◆ Aim of the task:
Without the pictures, set down the records below word for word.

◆ Source information:
----------

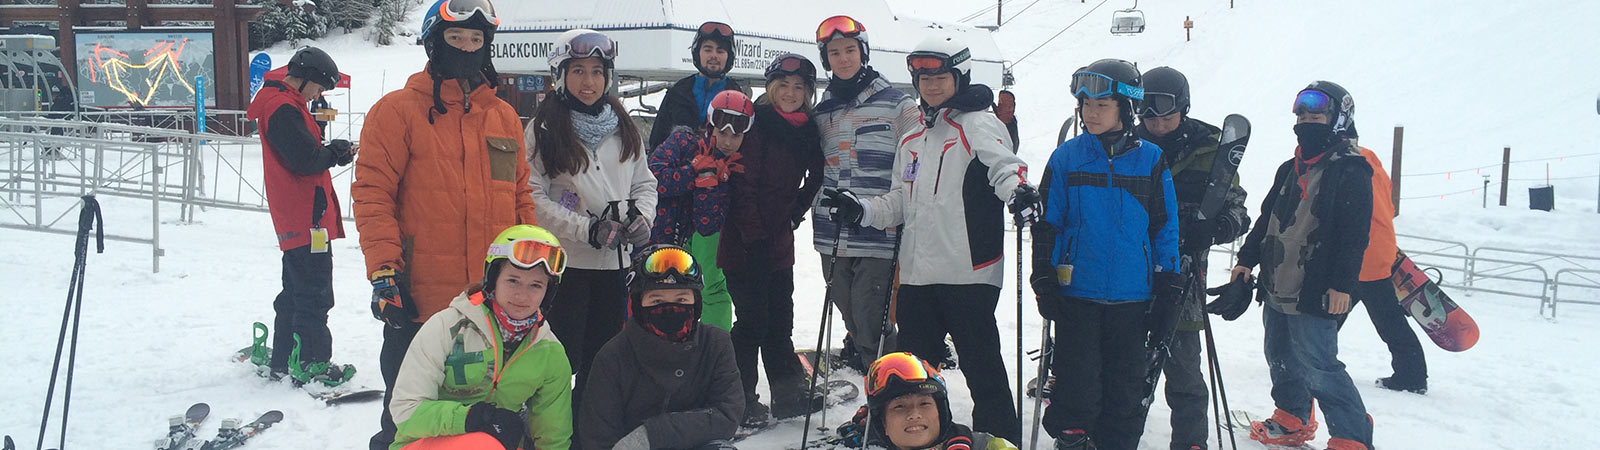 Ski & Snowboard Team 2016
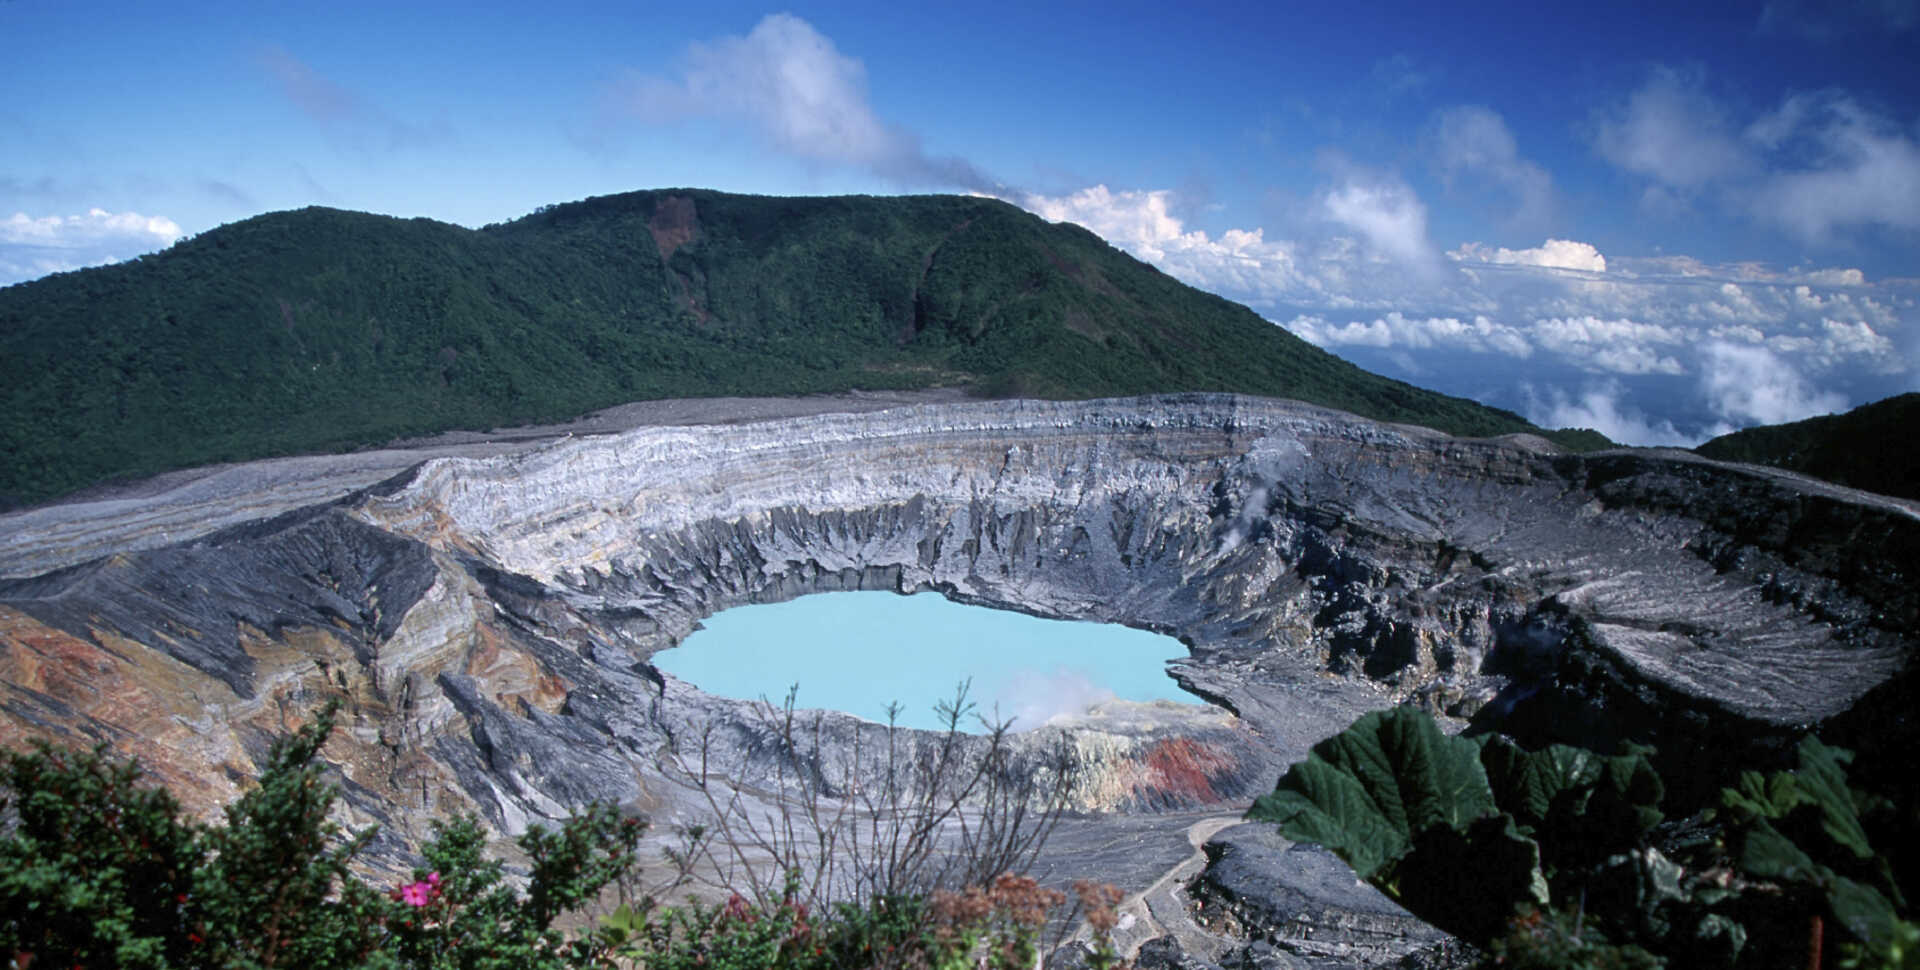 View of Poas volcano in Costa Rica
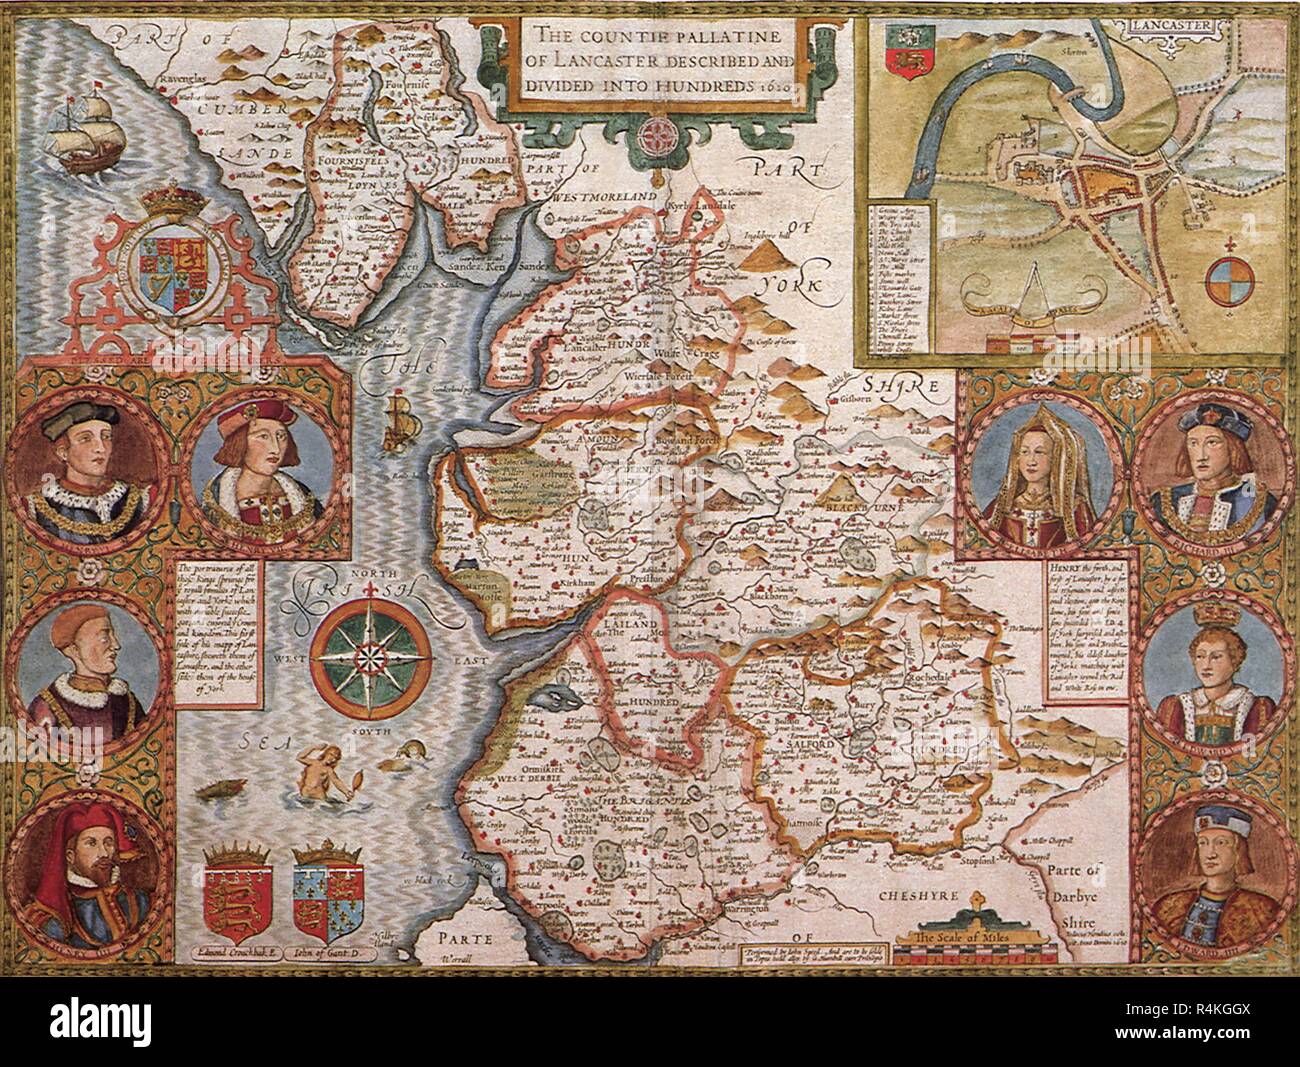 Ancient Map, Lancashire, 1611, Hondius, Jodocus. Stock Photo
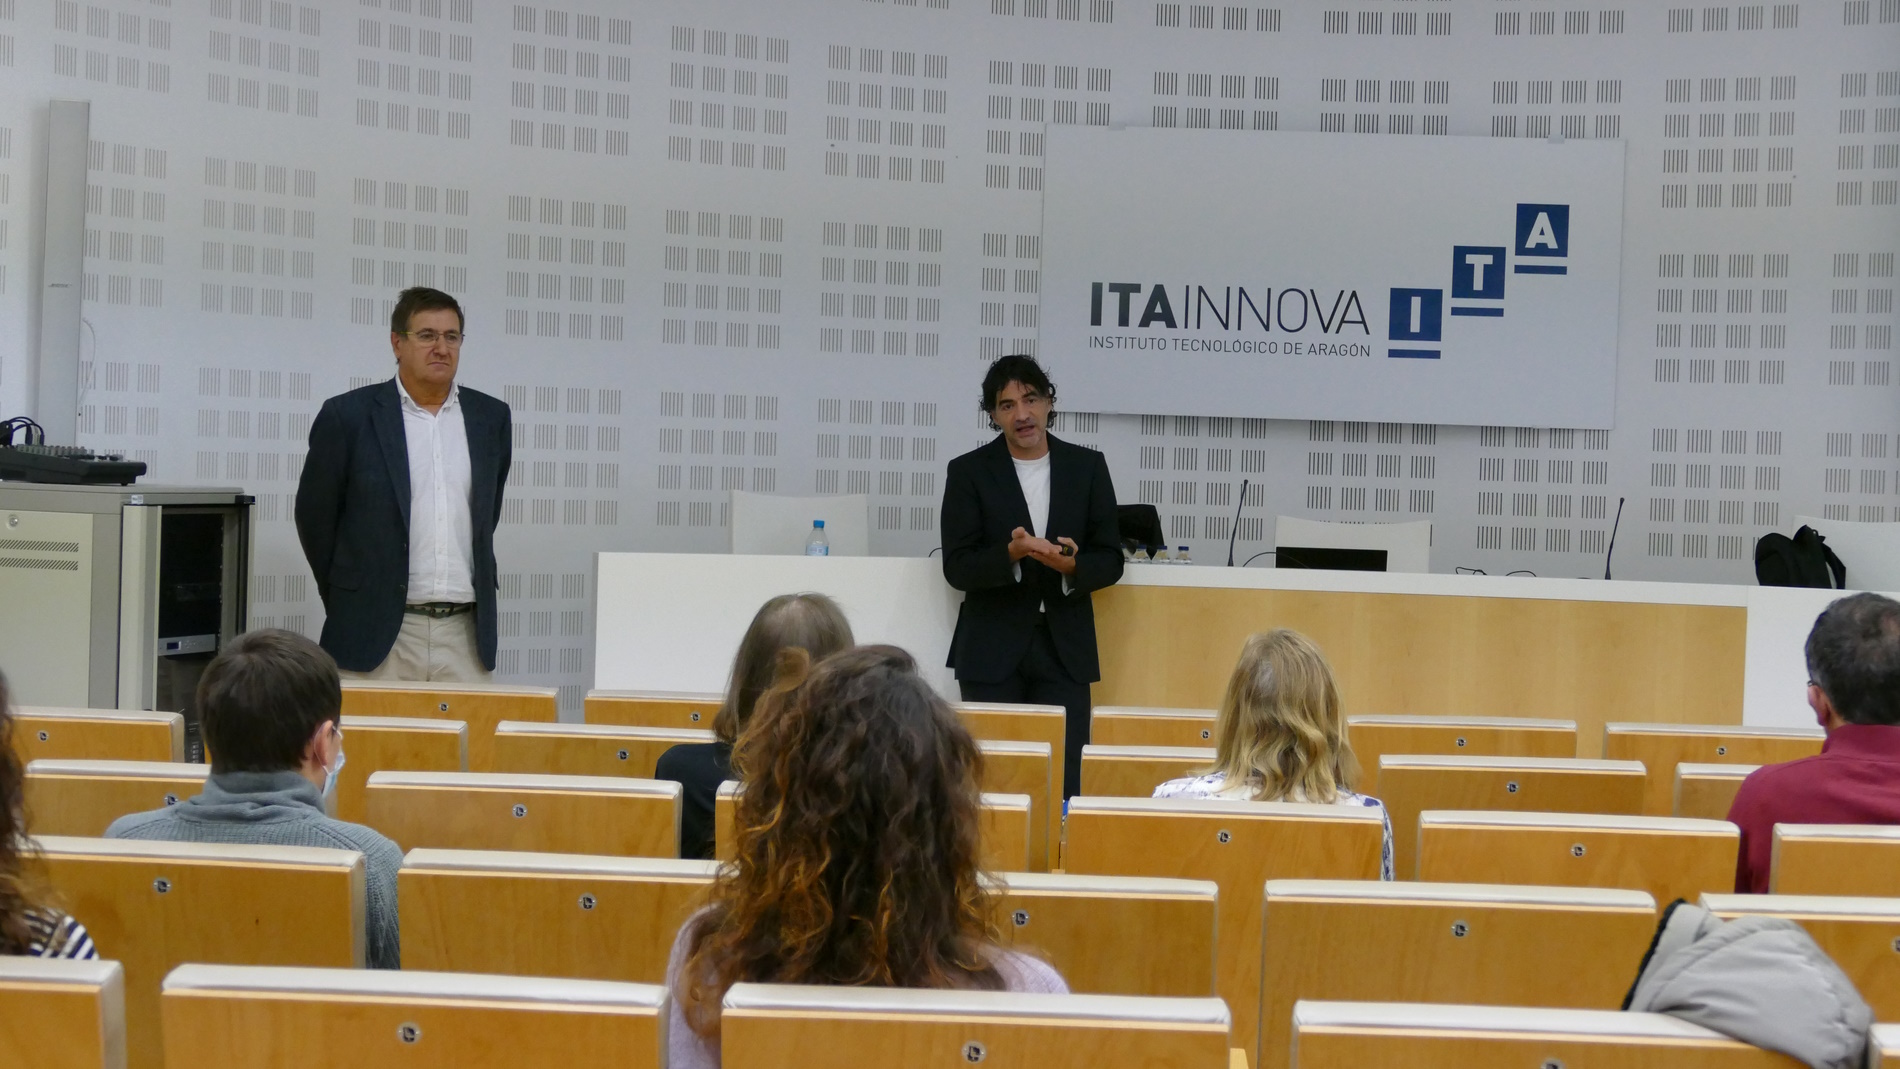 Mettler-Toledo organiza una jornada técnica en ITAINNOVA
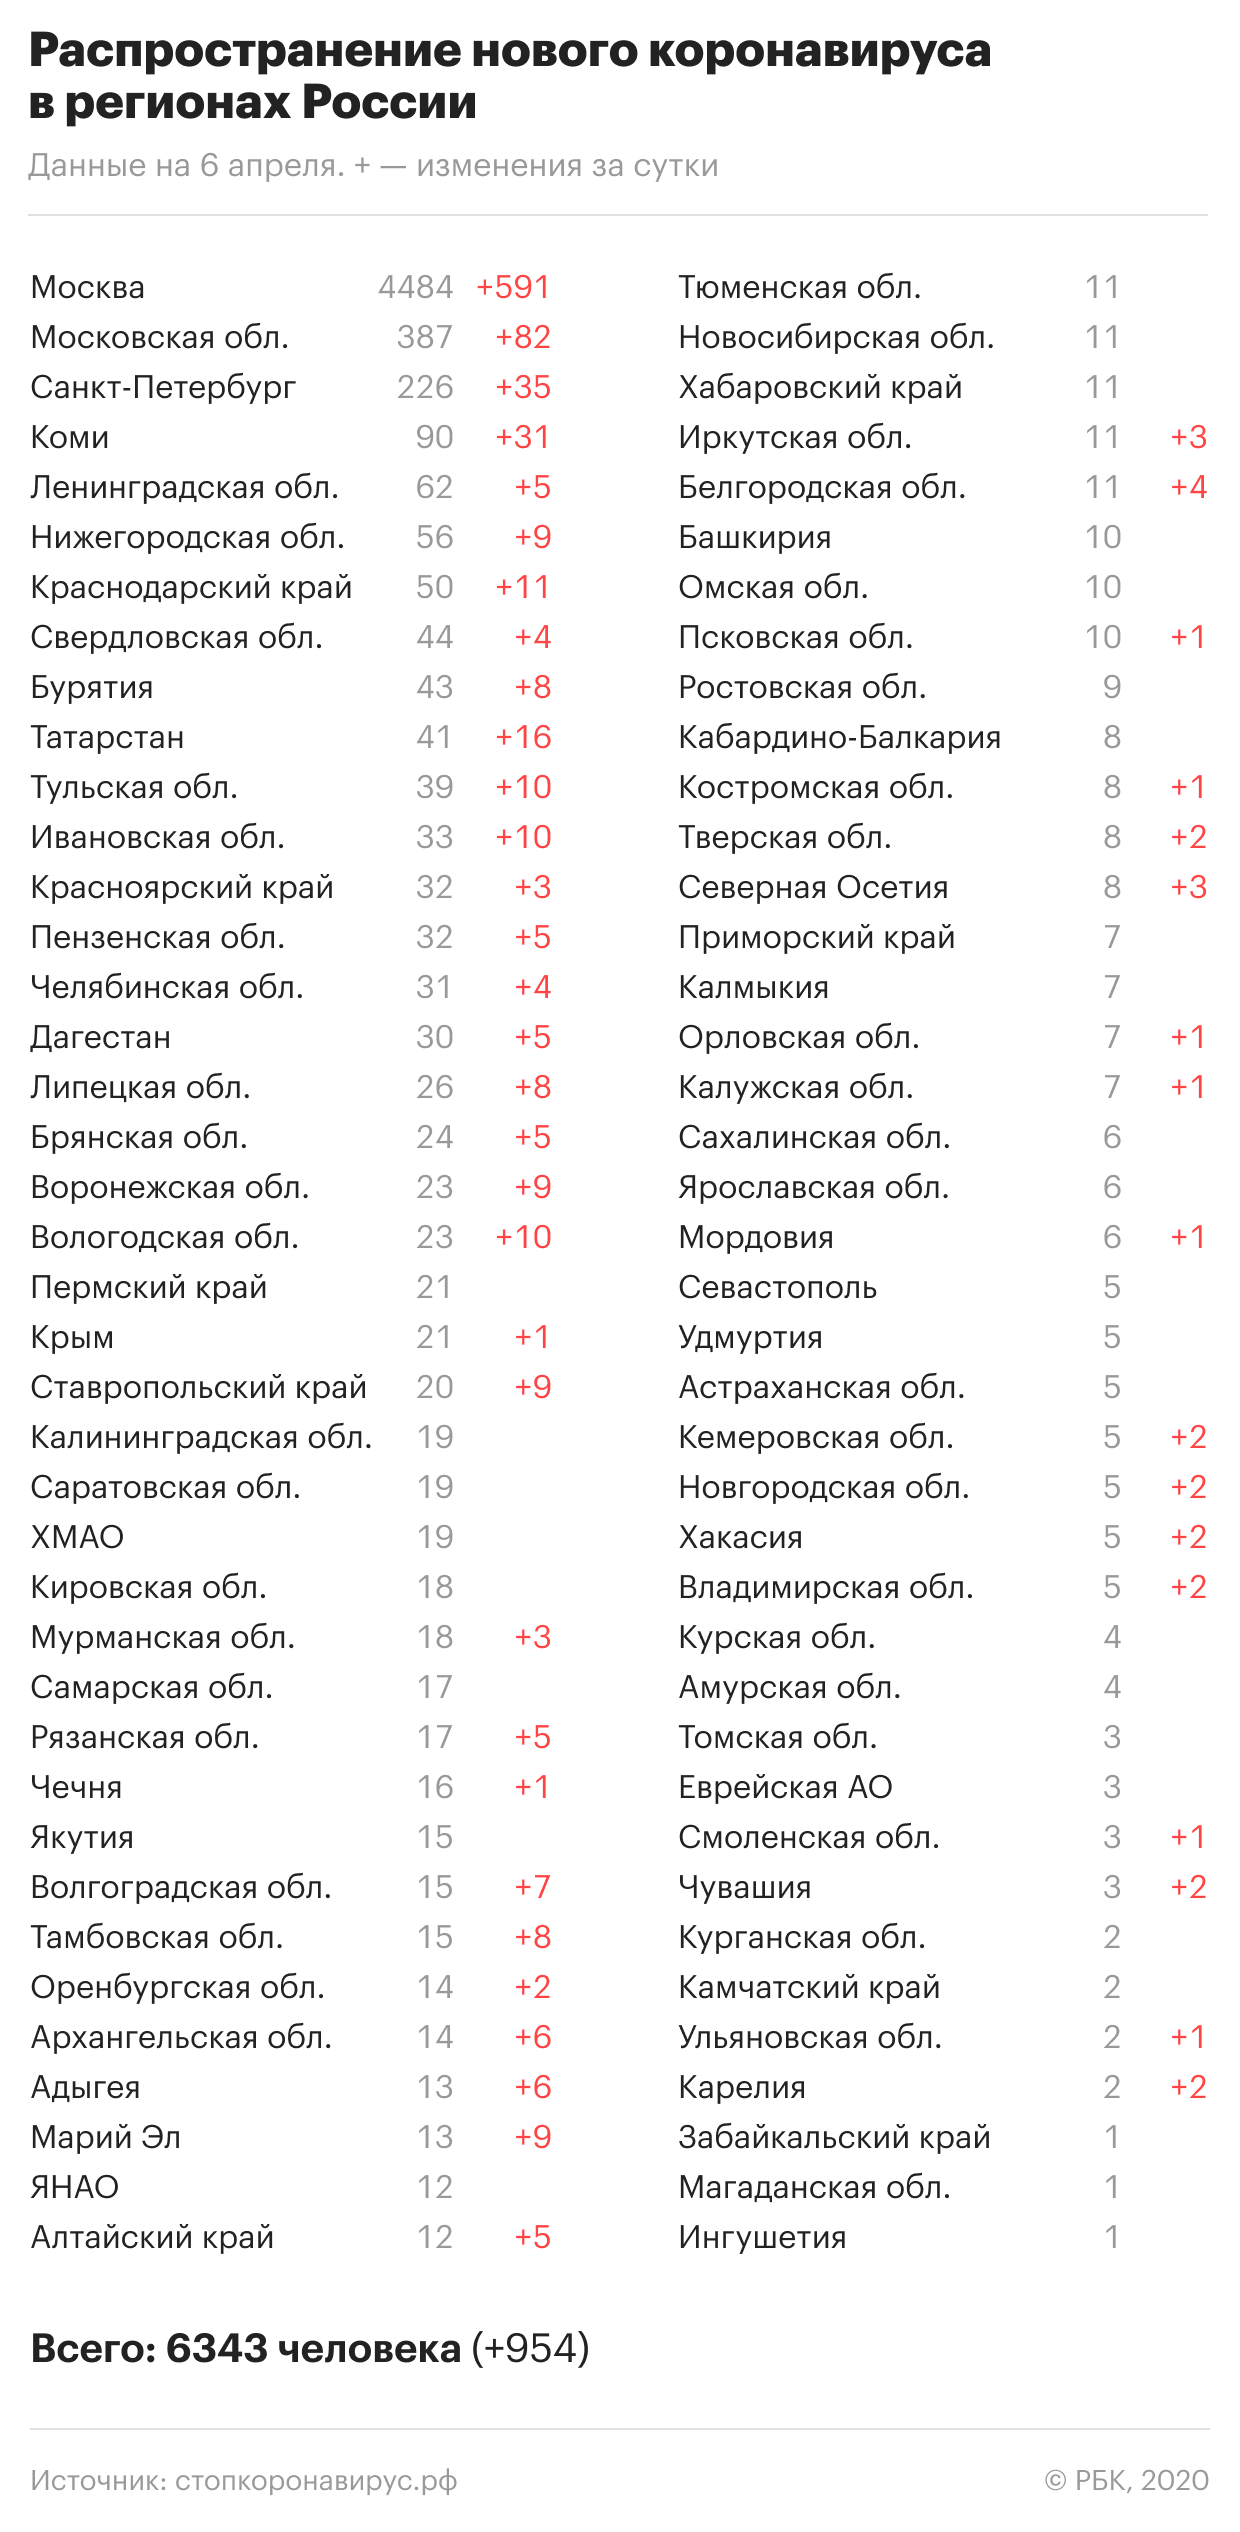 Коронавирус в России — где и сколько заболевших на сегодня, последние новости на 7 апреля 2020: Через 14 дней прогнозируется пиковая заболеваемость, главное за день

----------

◆ Exercise output:
 Ski & Snowboard Team 2016
 View of Poas volcano in Costa Rica
 Ancient Map, Lancashire, 1611, Hondius, Jodocus. Stock Photo
 Mettler-Toledo organiza una jornada técnica en ITAINNOVA
 Коронавирус в России — где и сколько заболевших на сегодня, последние новости на 7 апреля 2020: Через 14 дней прогнозируется пиковая заболеваемость, главное за день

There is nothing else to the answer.